Amélie Nothomb: Life Form

Last week I wrote about Revenge, the first book I read by Yoko Ogawa, a name I’d heard many times over the past few years and had always felt I should read. This week I’m writing about Amélie Nothomb’s latest in English, Life Form (Une forme de vie, 2010; tr. from the French by Alison Anderson, 2013). It’s my first time reading Nothomb, a name I’ve heard even more and for an even longer time than Ogawa and whose books I’ve picked up time and time again to read only to put them down again thinking, I’ll get to her soon. I knew she was an author I didn’t want to miss. Perhaps another reason I’ve hesitated to jump into her work is because of how prolific she is. Since the early 1990s, she’s been publishing one book every year, and we actually have many of them in English. Where to start?

Review copy courtesy of Europa Editions.

Review copy courtesy of Europa Editions.

Since I have read only Life Form, I cannot answer that question definitively, but I can say that this short, fun book is a joy. If you also start here, I think you’ll want to read more. I do. That said, from what I know of her other work, Life Form seems to be one of her lighter pieces, a sort of comedic, headlong romp that reminded me at times of Philip Roth’s The Prague Orgy (my review here).

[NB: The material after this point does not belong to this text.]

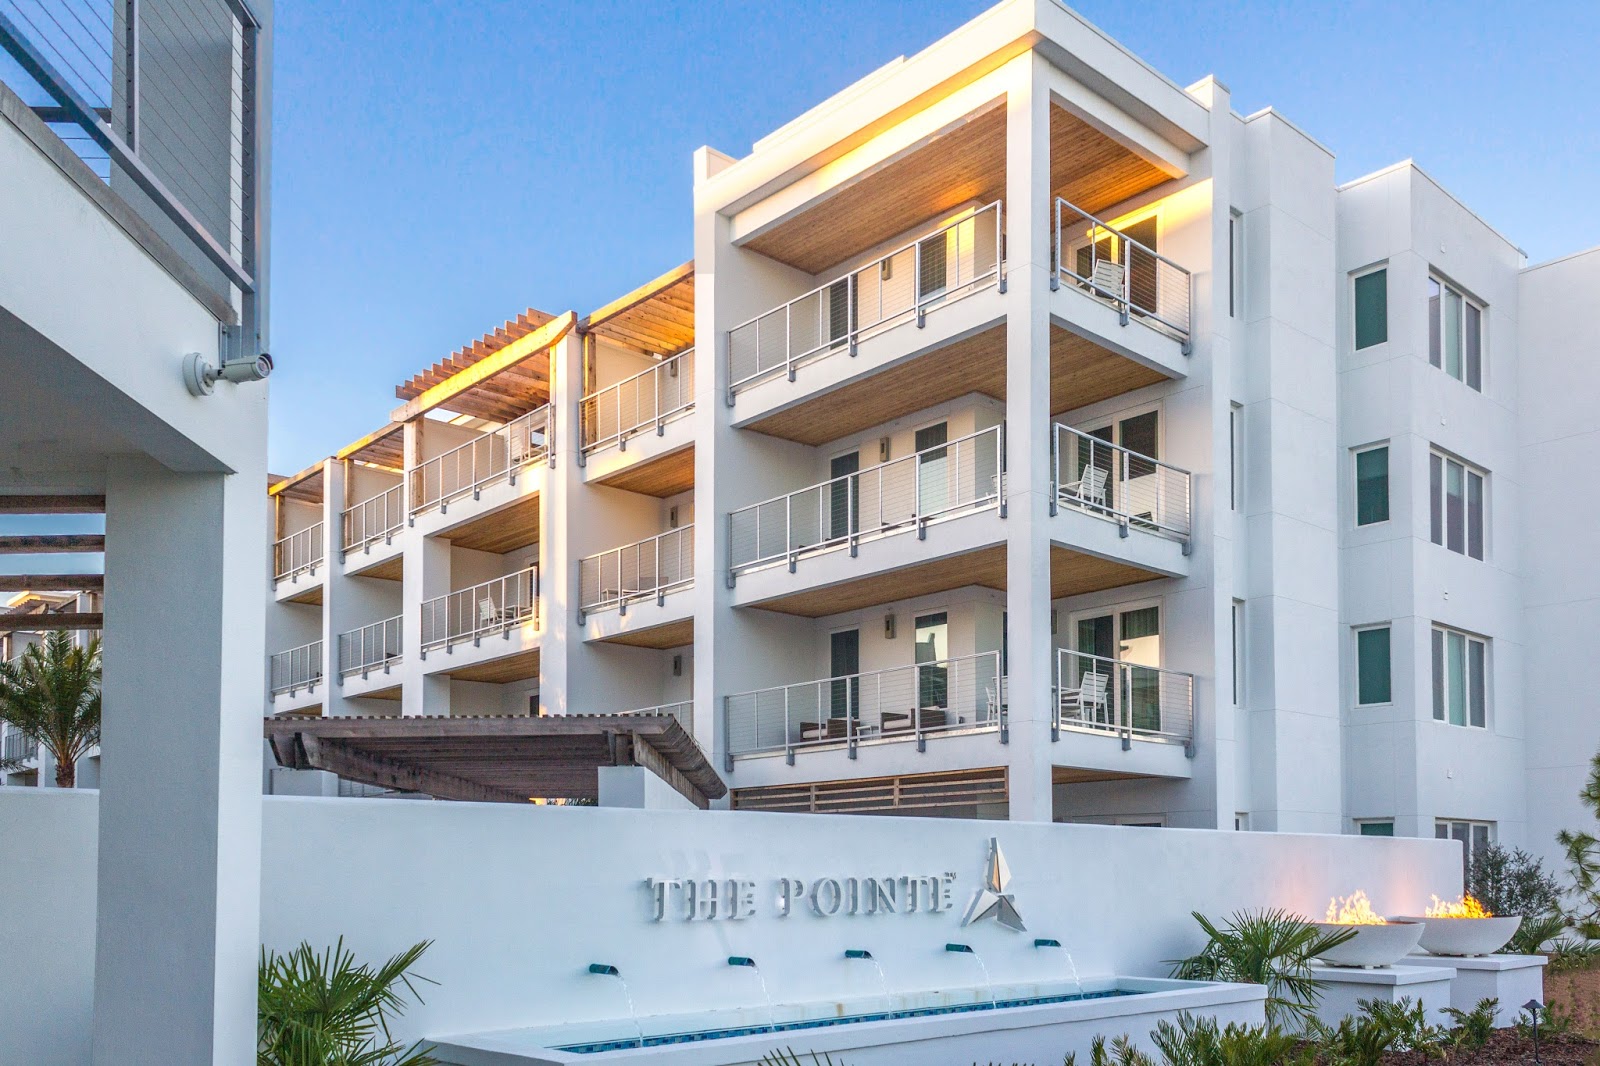 RE/MAX Beaches Blog: The Pointe on 30A

The book begins with a letter Nothomb received from a Melvin Mapple, who claims to be a private in the US Army stationed in Baghdad. It’s a “new sort of letter,” she says. In it, Melvin writes:

I’m writing to you because I am as down as a dog. I need some understanding and I know that if anyone can understand me, you can.

Nothomb, both in this book and in real life, corresponds via traditional letters to various people across the globe. She assumes this private simply knew this and decided to write to her, though she cannot understand why he chose her as a “wartime pen pal”: “Assuming he had read my books, were they any sort of solid proof of human compassion and understanding?”

In some ways, that’s what this book is about: relationships through writing, the illusion of proximity, of intimacy, and the great potential for error. Can she honestly hope to help this man as he suffers in a war? And has he actually read anything she’s written? It turns out that yes, he has. He’s read everything she’s written.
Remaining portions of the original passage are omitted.